Goal of the exercise> Repeat all of the data word for word so that only the pictures are missing from the copy.

Data extract>
################

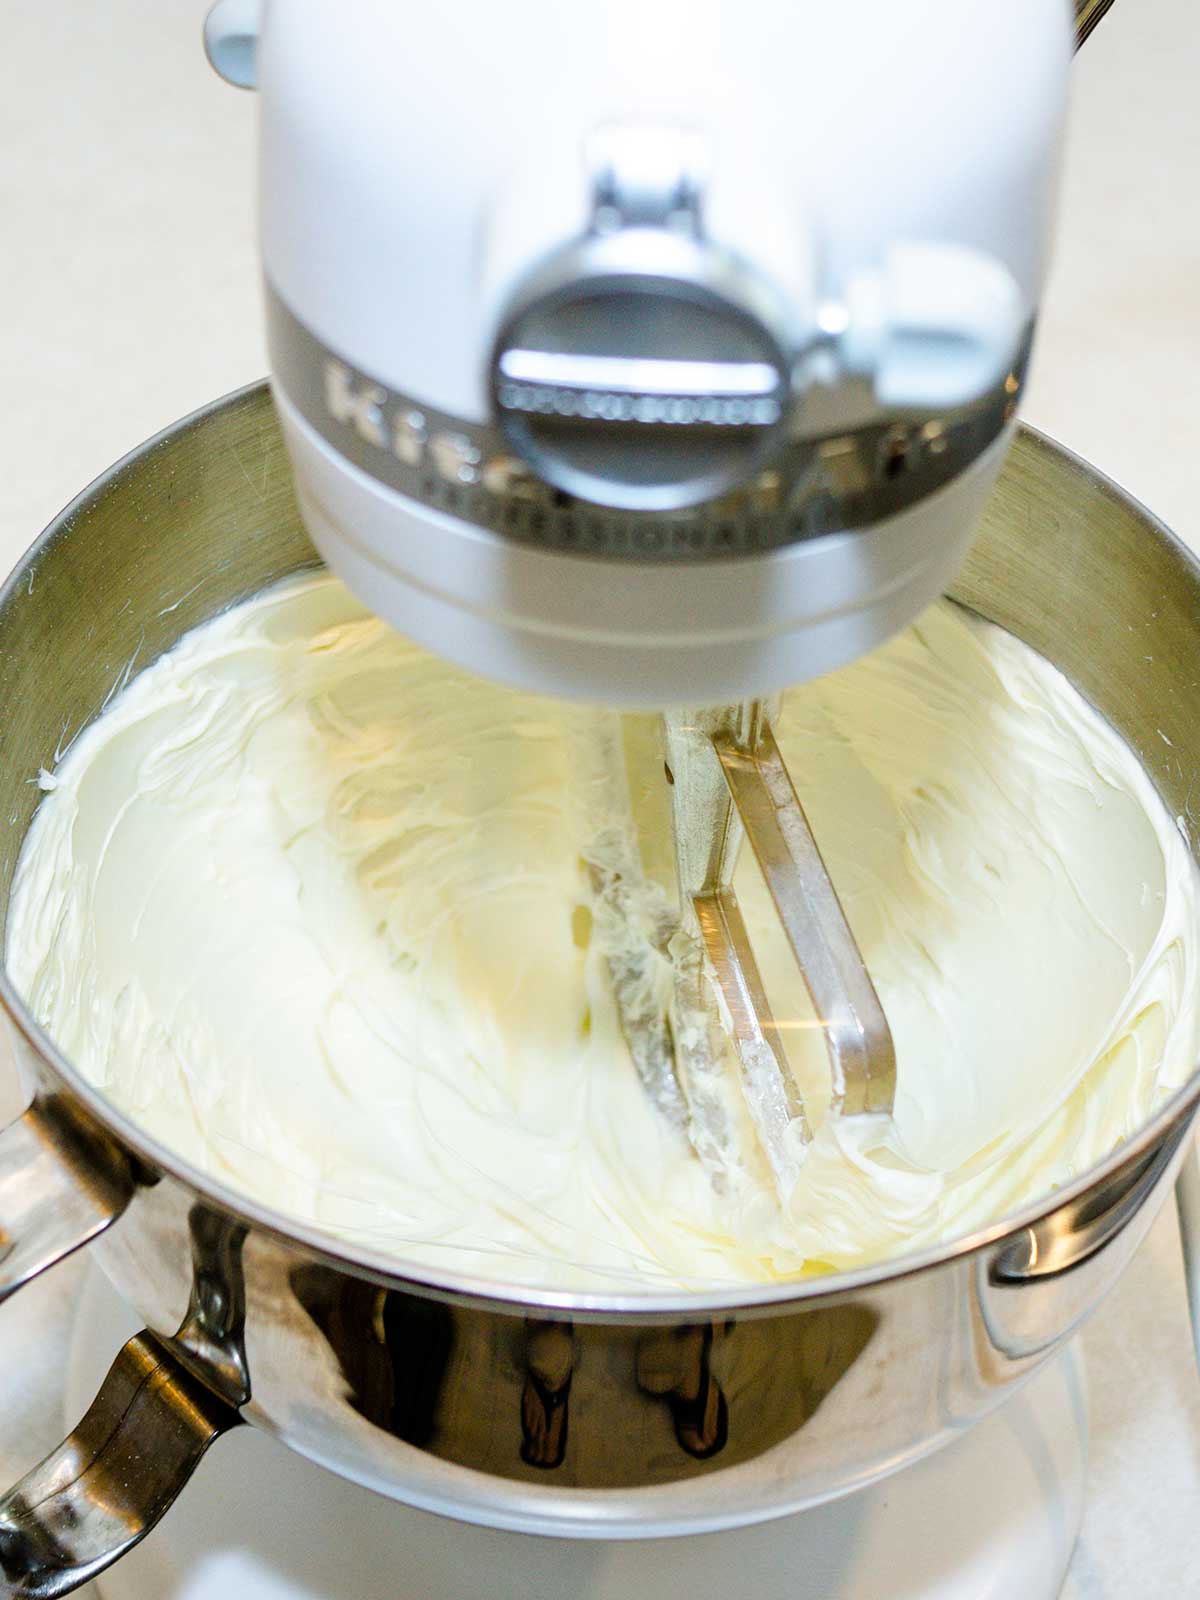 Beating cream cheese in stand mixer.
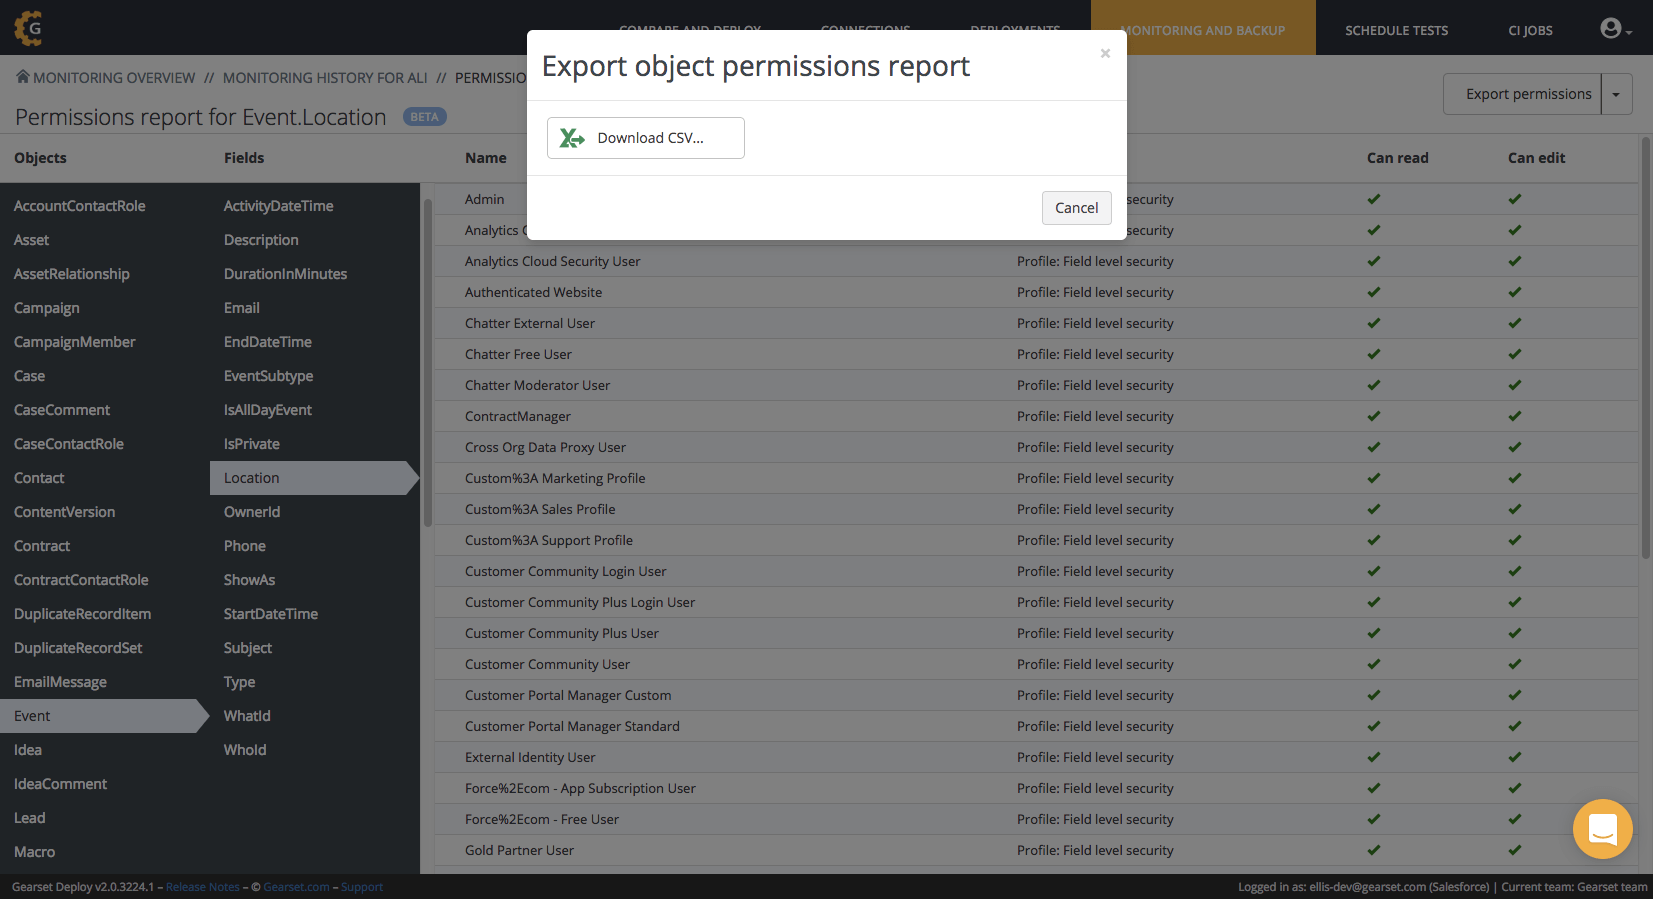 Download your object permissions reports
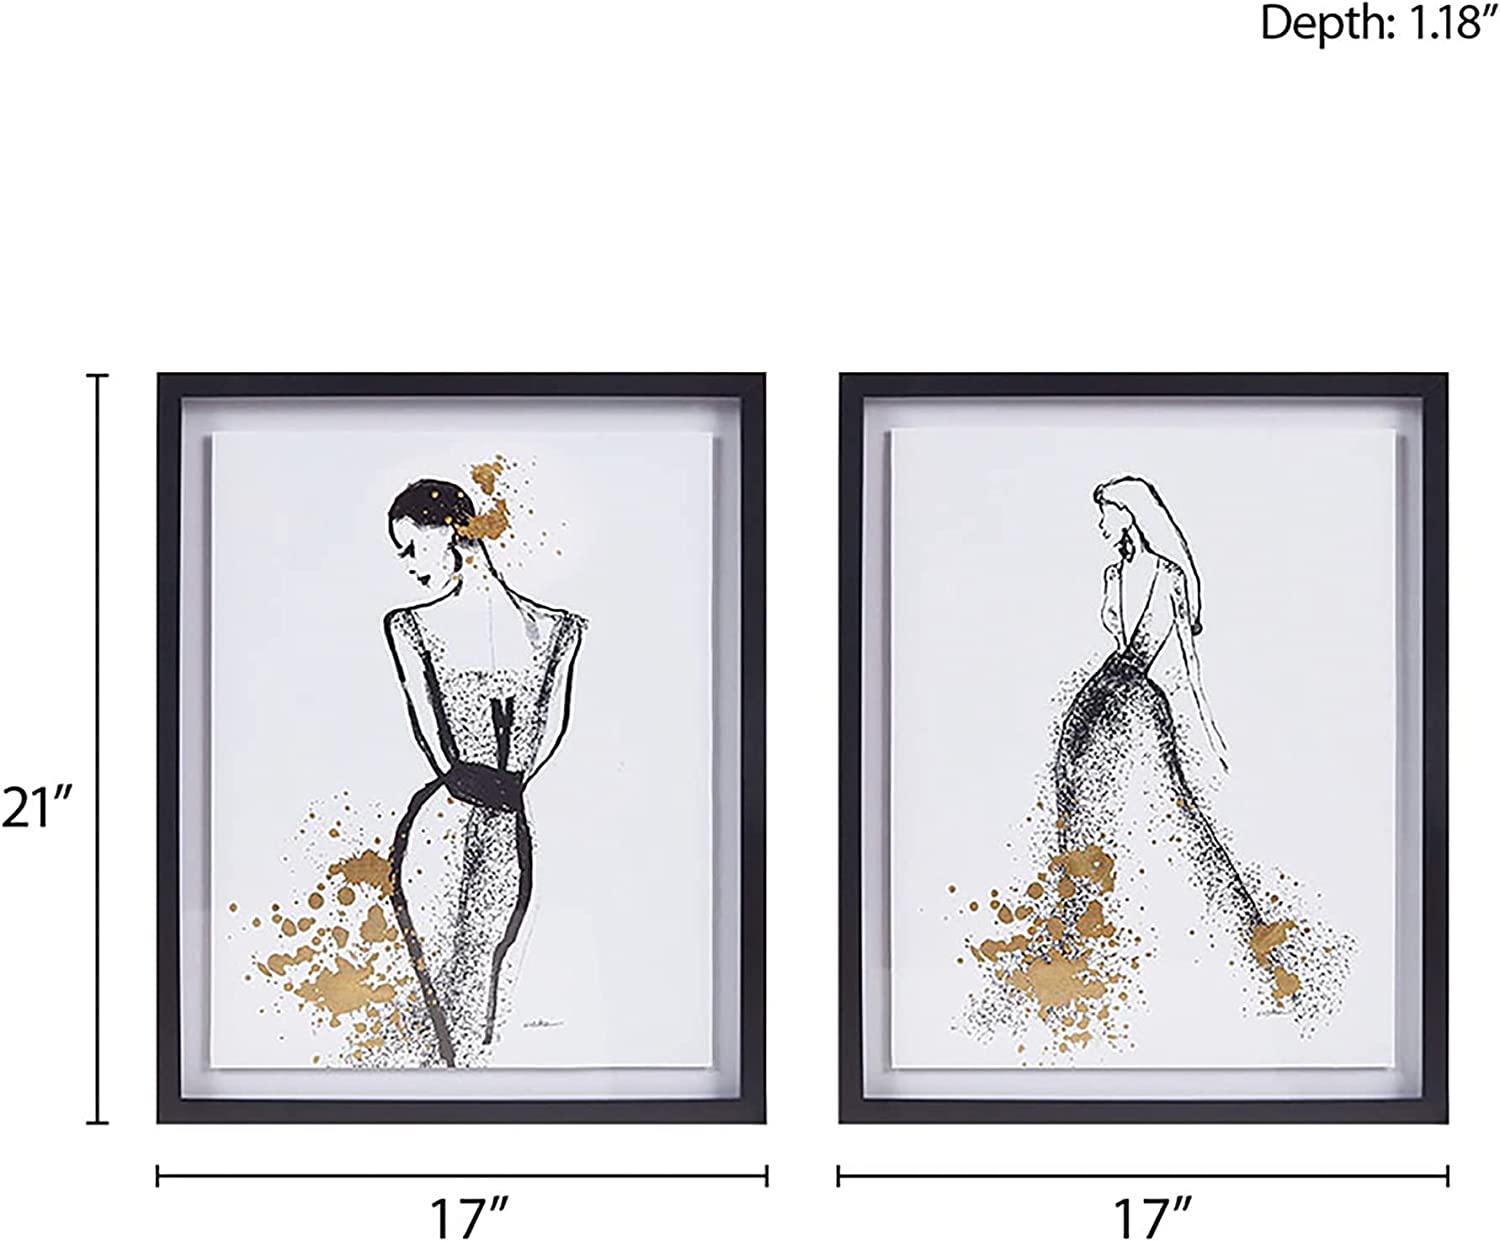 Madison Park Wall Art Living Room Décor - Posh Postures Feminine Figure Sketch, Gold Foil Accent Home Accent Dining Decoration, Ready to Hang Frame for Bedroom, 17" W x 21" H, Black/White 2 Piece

################

Output for this exercise>
 Beating cream cheese in stand mixer.
 Download your object permissions reports
 Madison Park Wall Art Living Room Décor - Posh Postures Feminine Figure Sketch, Gold Foil Accent Home Accent Dining Decoration, Ready to Hang Frame for Bedroom, 17" W x 21" H, Black/White 2 Piece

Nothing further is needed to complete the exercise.